Notley isn’t prepared to do that yet. So what will she do over the next three years? One school of thought says she should just plow ahead with her environmental agenda; history will be on her side in the end, since no one today (outside of maybe a few U.S. Republicans) doubts that the question of phasing out fossil fuels is not a matter of if but when. Another line of thinking, however, suggests extensive environmental action trained on the energy sector will kill the economy, and that Notley should instead pay close attention to the Scandinavian oil-producing market-based social democracies. Those countries are making environmental inroads by weakening demand through energy consumption taxes rather than strangling supply through production interventionism. She may not even be quite sure yet herself, and may choose to wait on oil prices, the Paris climate summit in December and the Saudi mood to help dictate her play.

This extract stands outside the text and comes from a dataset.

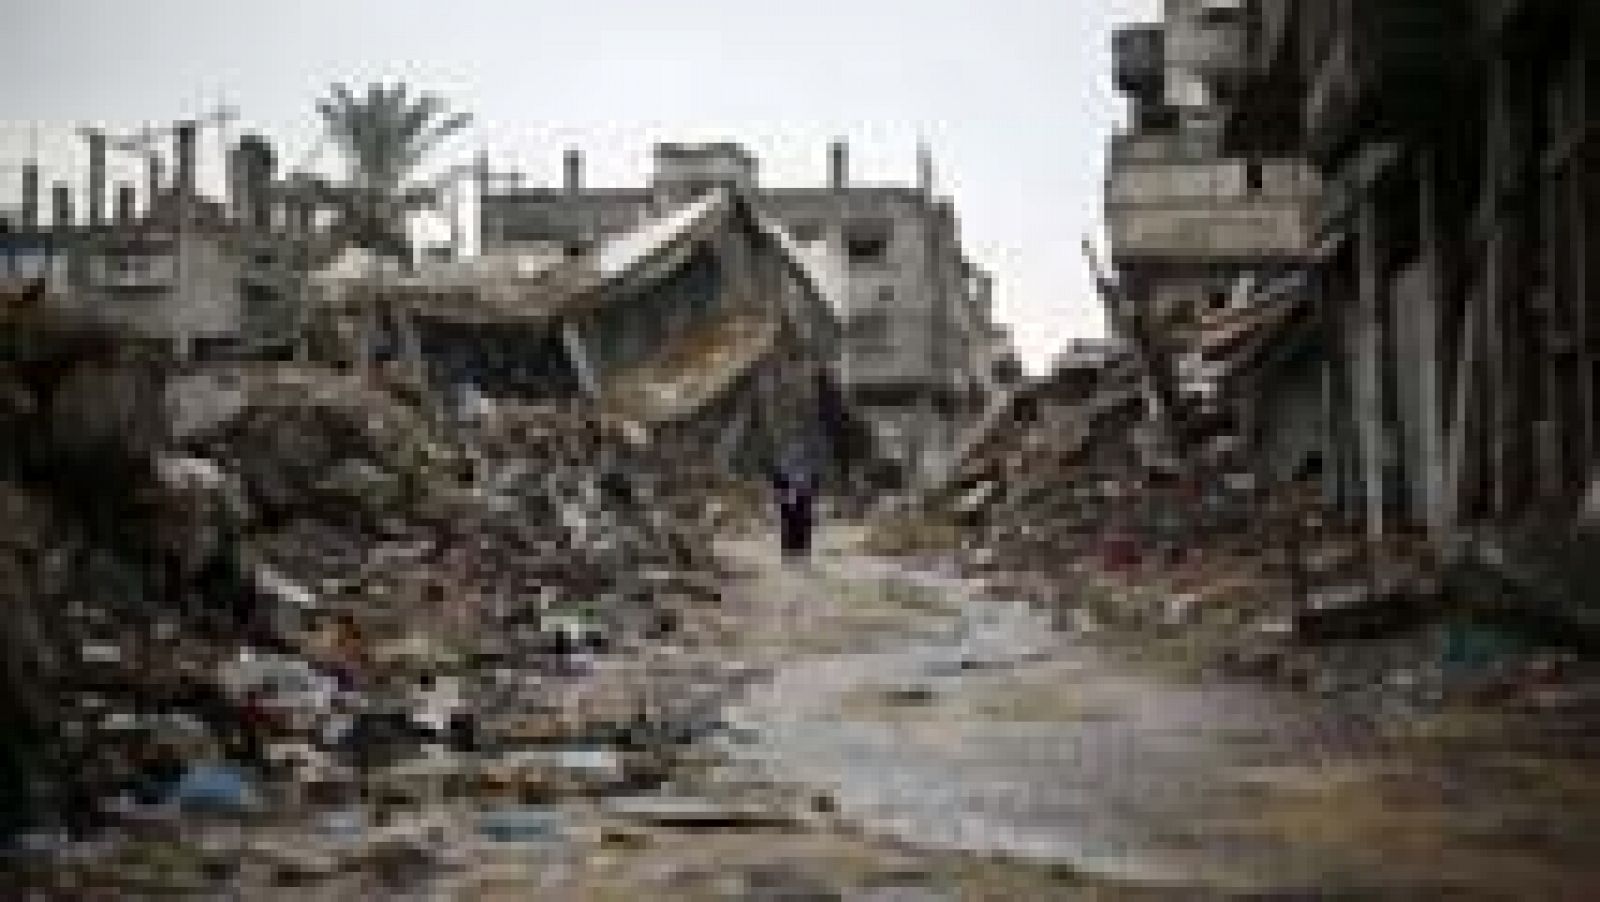  Gaza, la reconstrucción que no llega

Many have noted—Notley’s government not least among them—that the unwillingness to stake out bold lines of action on key files might not be entirely or even partially the NDP’s fault. The “poisoned chalice” has been a political trope since the day it was uttered on stage in 1606 during the first run of Shakespeare’s Macbeth, and a bitter aftertaste was pretty much the only thing the PC party left behind for Notley. She is following a succession of fiscally impaired, torn-mainsail governments (Stelmach, Redford, Prentice) under a PC party that had become nearly as fossilized as the resource that kept it in power for over four decades. Notley achieved one of the most surprising electoral wins in Canadian history and one of the most profound for the progressive movement, but it came just as oil was reaching terminal price-drop velocity, shoaling the Alberta revenue tanker. (The province expects to collect $2.8 billion in resource royalties this year, down from $9 billion in 2014.)

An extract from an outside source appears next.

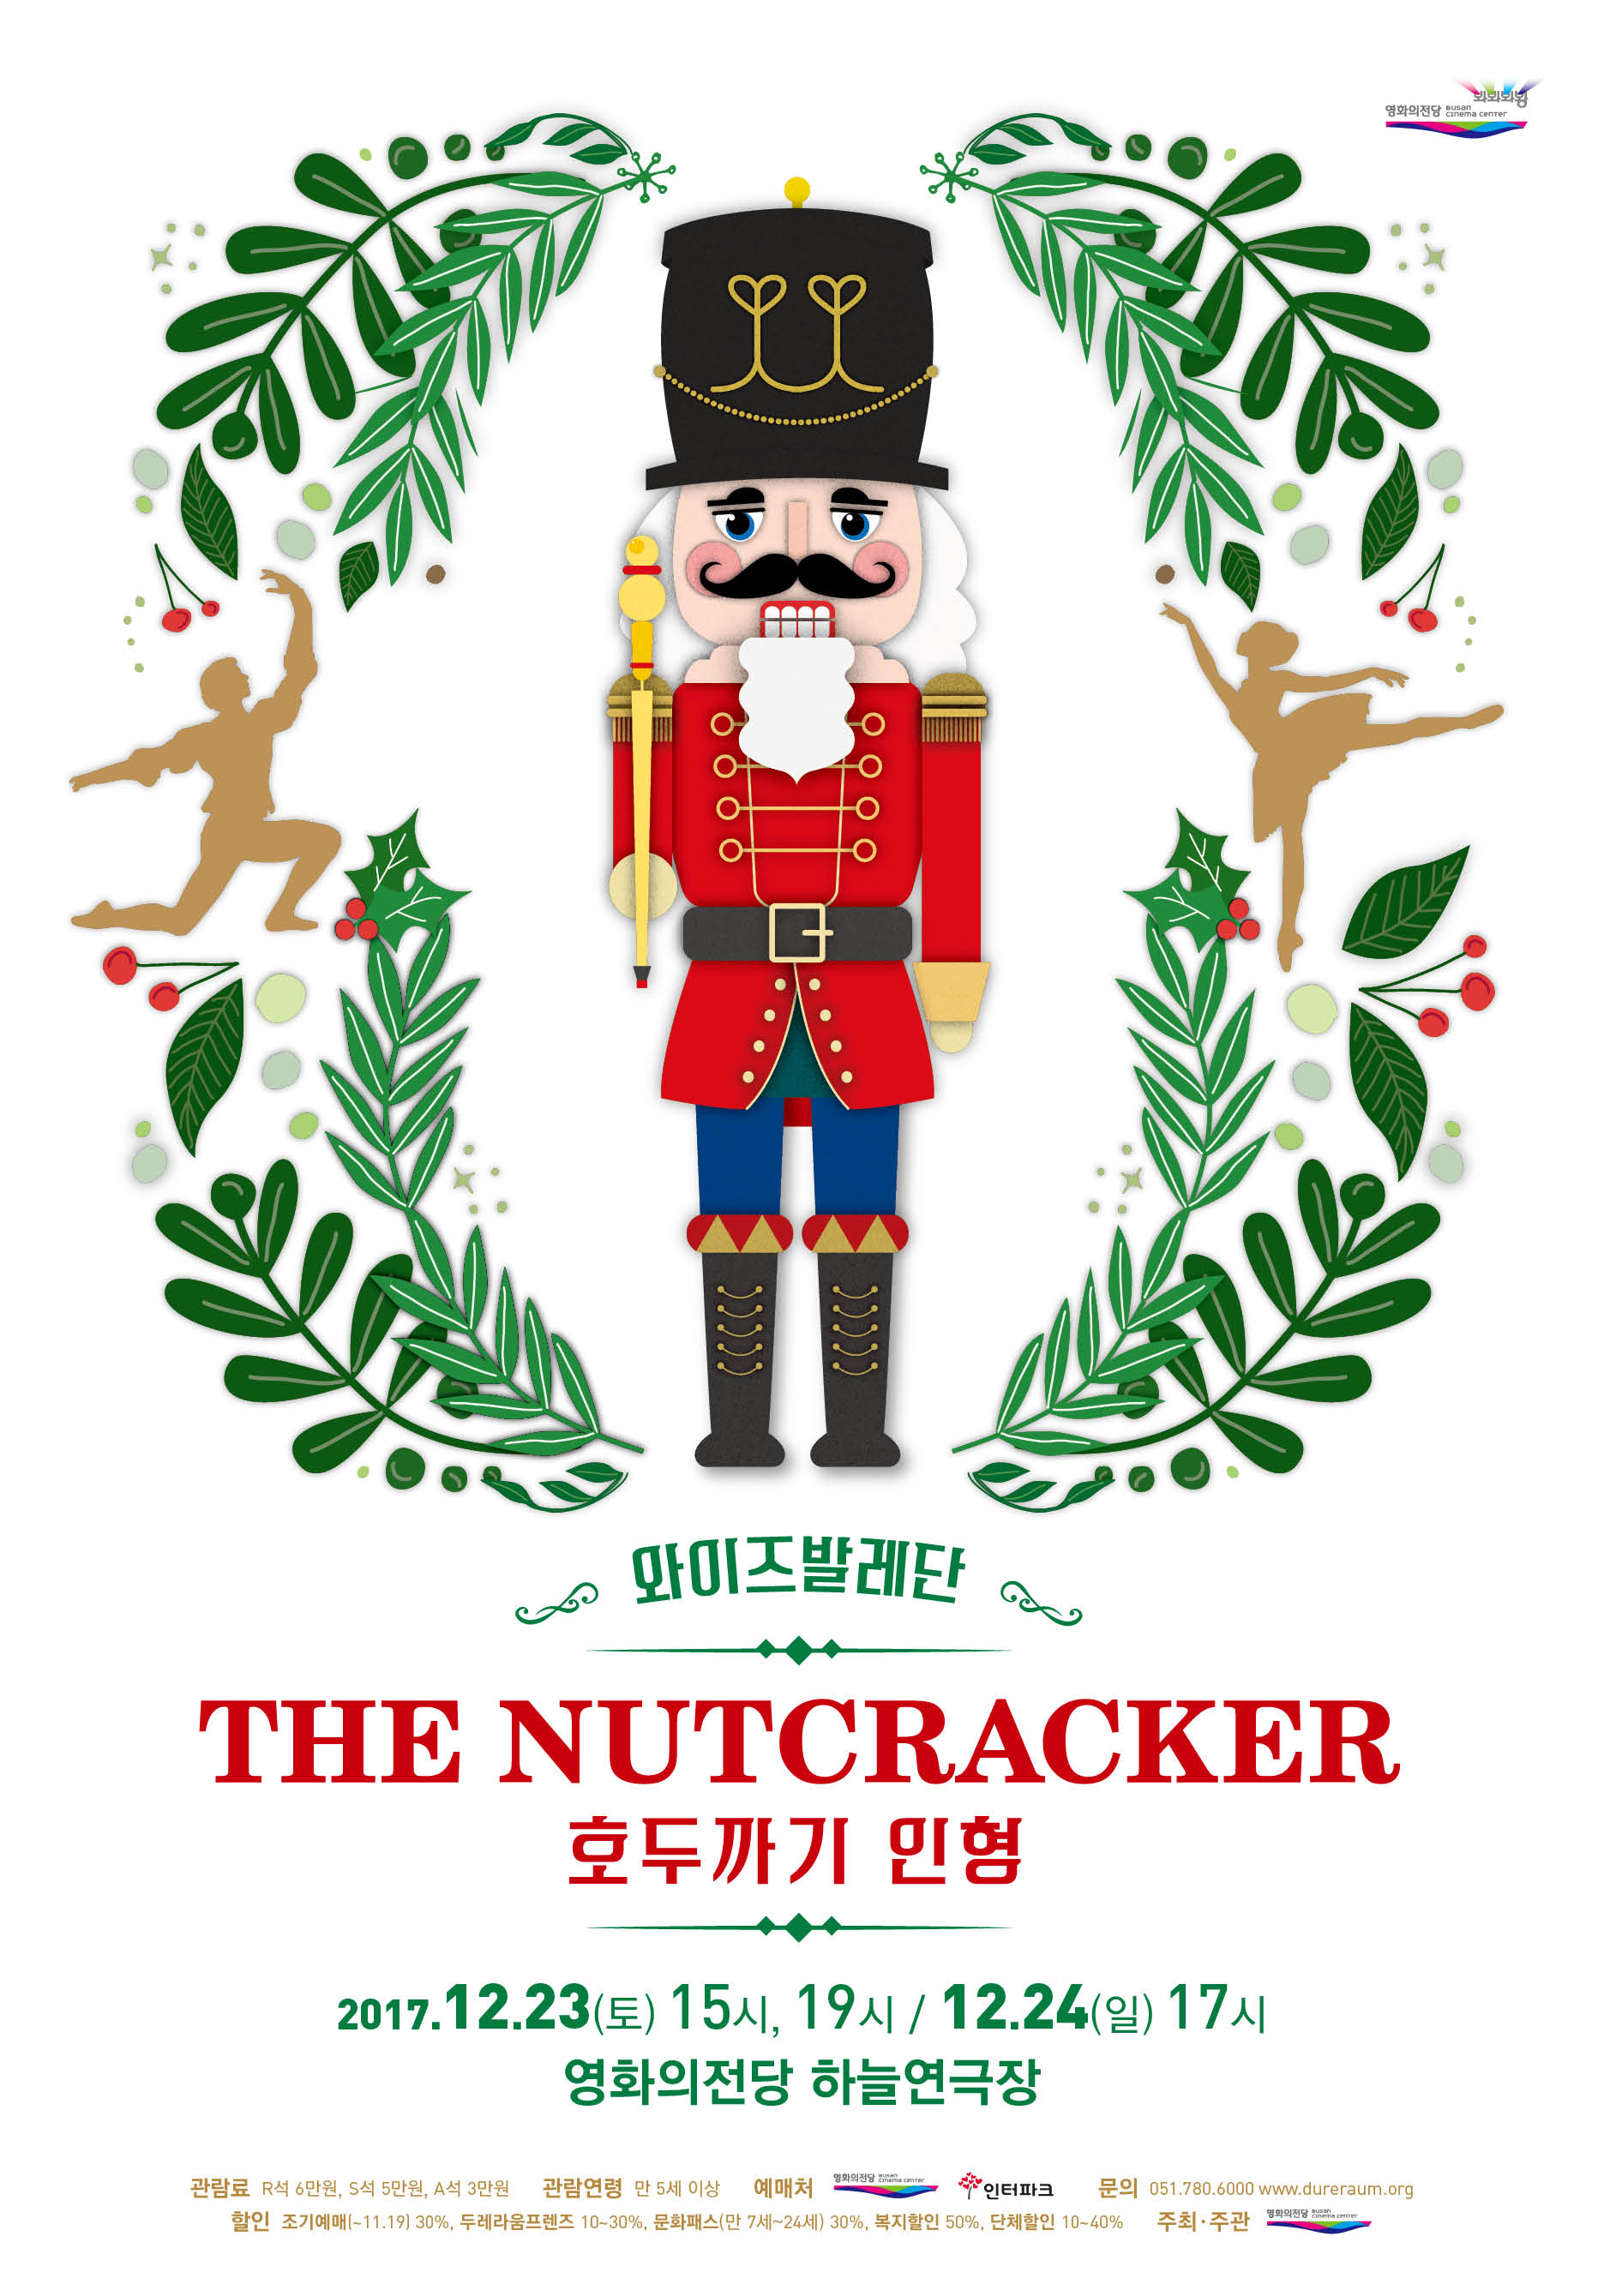 와이즈발레단 THE NUTCRACKER 호두까기 인형 2017.12.23(토) 15시, 19시 /12.24(일) 17시 영화의전당 하늘연극장, 호두까기 인형 포스터

There is also the newly elected Trudeau government to consider in relation to Notley’s actions over the next few years. She campaigned loudly for Thomas Mulcair’s federal NDP (doing so at the aforementioned Calgary luncheon, which is roughly equivalent to dining at Vladimir Putin’s house and telling him how much you love Pussy Riot). She is more simpatico with Trudeau’s Liberals than any provincial or federal Conservative party is, but the federal Liberals have governed more by public-mood windsock than ideological purity. History suggests Trudeau will welcome Notley onto the bus or throw her under it, on a case-by-case basis.

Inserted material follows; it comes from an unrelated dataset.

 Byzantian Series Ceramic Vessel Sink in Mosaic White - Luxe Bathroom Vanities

Whether you like her politics or not, Notley is smart, ethical and determined. But right now, so soon after such a historic electoral victory and despite her centrality to Canada’s most pressing issues, she has not yet presented a viable energy sector alternative—only answers with varying degrees of compromise and alienation. Her base wants significant, immediate and decisive environmental action. They are going to be disappointed. The energy sector wants tangible incentives and tax relief–based support that recognizes it as the spine of the Albertan and Canadian economies. They too are going to be disappointed. Notley will have a considerable impact on the complicated futures of Alberta and Canada, but the bottom line is simple—her actions are important to all of us, because we’re all at this crossroads together.